Survie

Dictature héréditaire au Togo : un coup d’État françafricain !

Publié le 7 février 2005

42 ans après avoir assassiné Sylvanus Olympio, père de l’indépendance togolaise, le dictateur togolais a cédé involontairement un siège de tyran qu’il avait promis de céder de son plein gré en 2003.

Durant 4 ans de règne officieux puis 38 ans de règne officiel, l’ancien sergent-chef Gnassingbé Eyadéma, caricature de garde-chiourme néocolonial, a martyrisé et ruiné le Togo. Sa mort de maladie aurait pu laisser place à une élection démocratique. La France semble abonder en ce sens, puisqu’elle a appelé au « respect de la Constitution togolaise »…

Les apparences sont trompeuses. La France tente seulement de faire oublier qu’elle a largement contribué à tout fausser dans le processus constitutionnel, escroqué, et dans un processus démocratique sans cesse bafoué. La seule élection présidentielle à peu près convenable, en 1998, a été largement remportée par Gilchrist Olympio, le fils de Sylvanus… avant que le décompte des voix ne soit repris en main par l’armée - ou plutôt la milice clanique du régime (les rares militaires opposants ont été massacrés dans la foulée du scrutin de 1998). Depuis lors, Paris n’a cessé d’organiser de pseudo-médiations qui ont chaque fois découragé les opposants authentiques, aboutissant au boycott du scrutin législatif de 2002 et à l’élection d’une Assemblée quasi-totalement eyadémiste. Laquelle a voté une révision de la Constitution qui ouvre la voie à l’infinie prolongation de la dictature, en écartant notamment la candidature de l’opposant le plus connu, Gilchrist Olympio, et en laissant le contrôle des opérations électorales entre les mains du régime.

Cela ne devait pas encore être suffisant puisqu’il a fallu une ultime mascarade constitutionnelle pour afficher la continuité monarchique : empêcher le retour au Togo du président de l’Assemblée, constitutionnellement chargé de l’intérim du Président de la République défunt ; faire voter par l’Assemblée la destitution de cet intérimaire ; élire à sa place Faure Eyadéma, le fils du dictateur ; voter en toute hâte une nouvelle révision constitutionnelle qui transforme l’intérim du président de l’Assemblée en un remplacement jusqu’à la fin du mandat du chef de l’État décédé, soit jusqu’en 2008. Entre-temps, le clan Eyadéma aura suffisamment verrouillé la succession pour ne laisser aucune surprise. Faure Eyadéma est âgé de 39 ans. S’il vit autant que son père, les Togolais en ont jusqu’en 2035…

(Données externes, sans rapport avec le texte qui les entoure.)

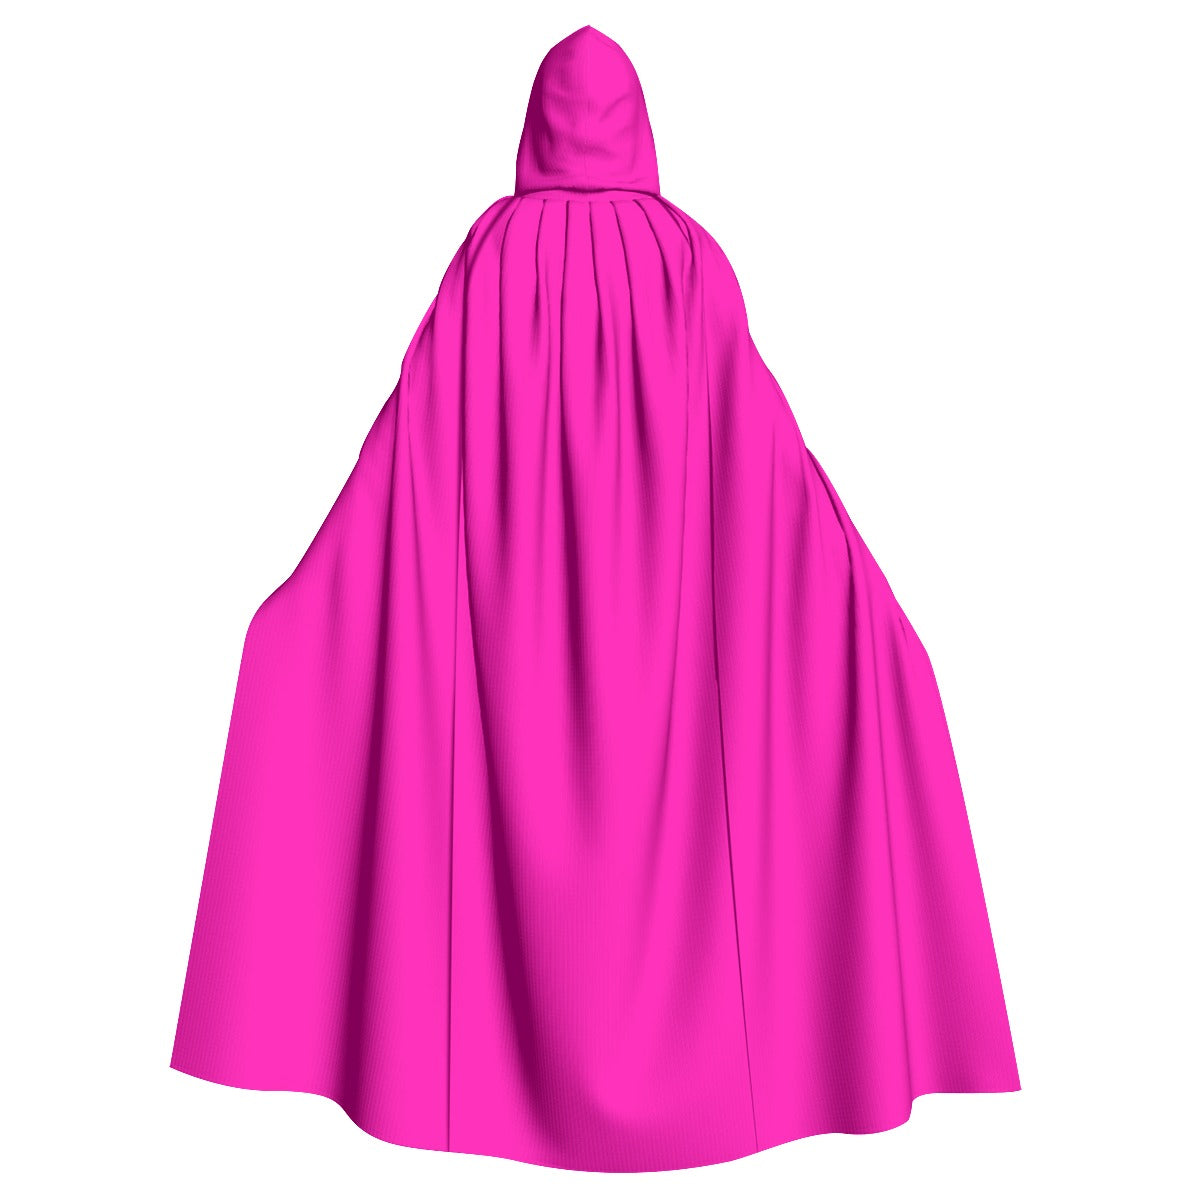 TGC FASHION Hot Pink Cape  Avantgarde Outfit in Microfiber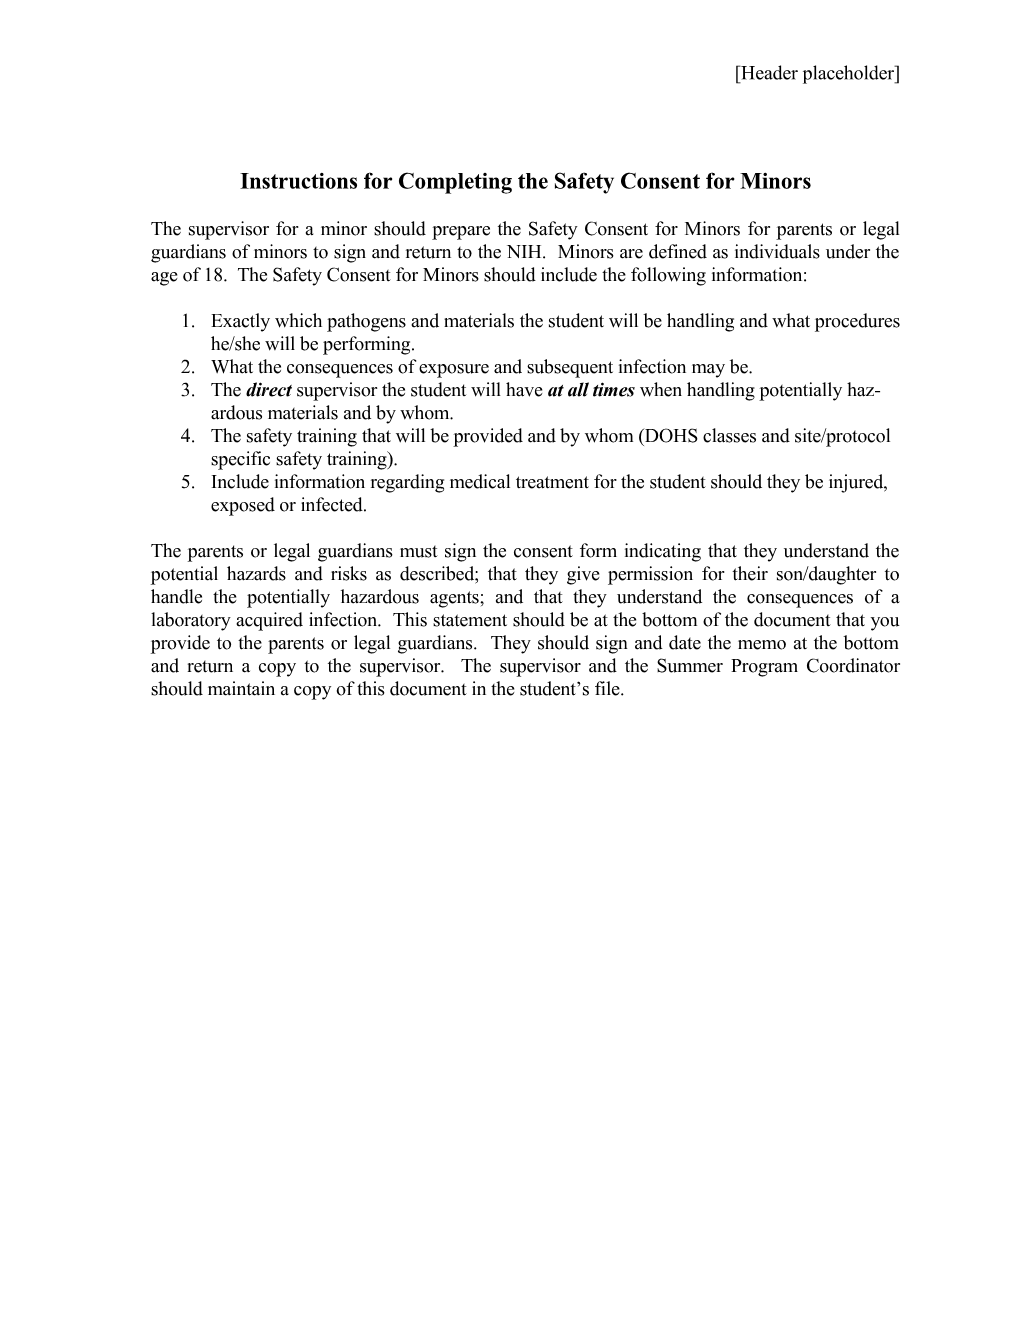 Instructions for Completing the Safety Consent for Minors

De cela, la France et Jacques Chirac ne sont aucunement innocents. De Gnassingbé Eyadéma, tyran mafieux aux nombreux crimes économiques et politiques, Jacques Chirac a déclaré samedi qu’il était « un ami personnel ». Et « un ami de la France ». La France chiraquienne bénissait en effet la dictature eyadémesque. L’armée milicienne togolaise n’a cessé d’être encadrée par des officiers et instructeurs français. L’évolution de la Constitution togolaise n’a cessé d’être veillée par des juristes françafricains, comme Charles Debbasch ou Pierre Mazeaud. L’argent des phosphates togolais n’a cessé d’alimenter les caisses noires de la Françafrique. Les trafics d’armes du régime Eyadéma, dénoncés par l’ONU, n’ont cessé d’aider les alliés inavouables de la Françafrique, comme Jonas Savimbi ou Charles Taylor.

Alors, il faut le dire haut et fort : rien de ce qui se passe ses jours-ci à Lomé pour maintenir une dictature ubuesque n’est étranger à l’Élysée, qui en est comptable devant l’histoire des peuples togolais et français. Le peuple français, en particulier, se sent insulté quand Jacques Chirac qualifie Gnassingbé Eyadéma d’« ami de la France ». Il ne l’est pas plus que les potentats africains qui livraient leurs frères en esclavage aux riches armateurs de Louis XIV.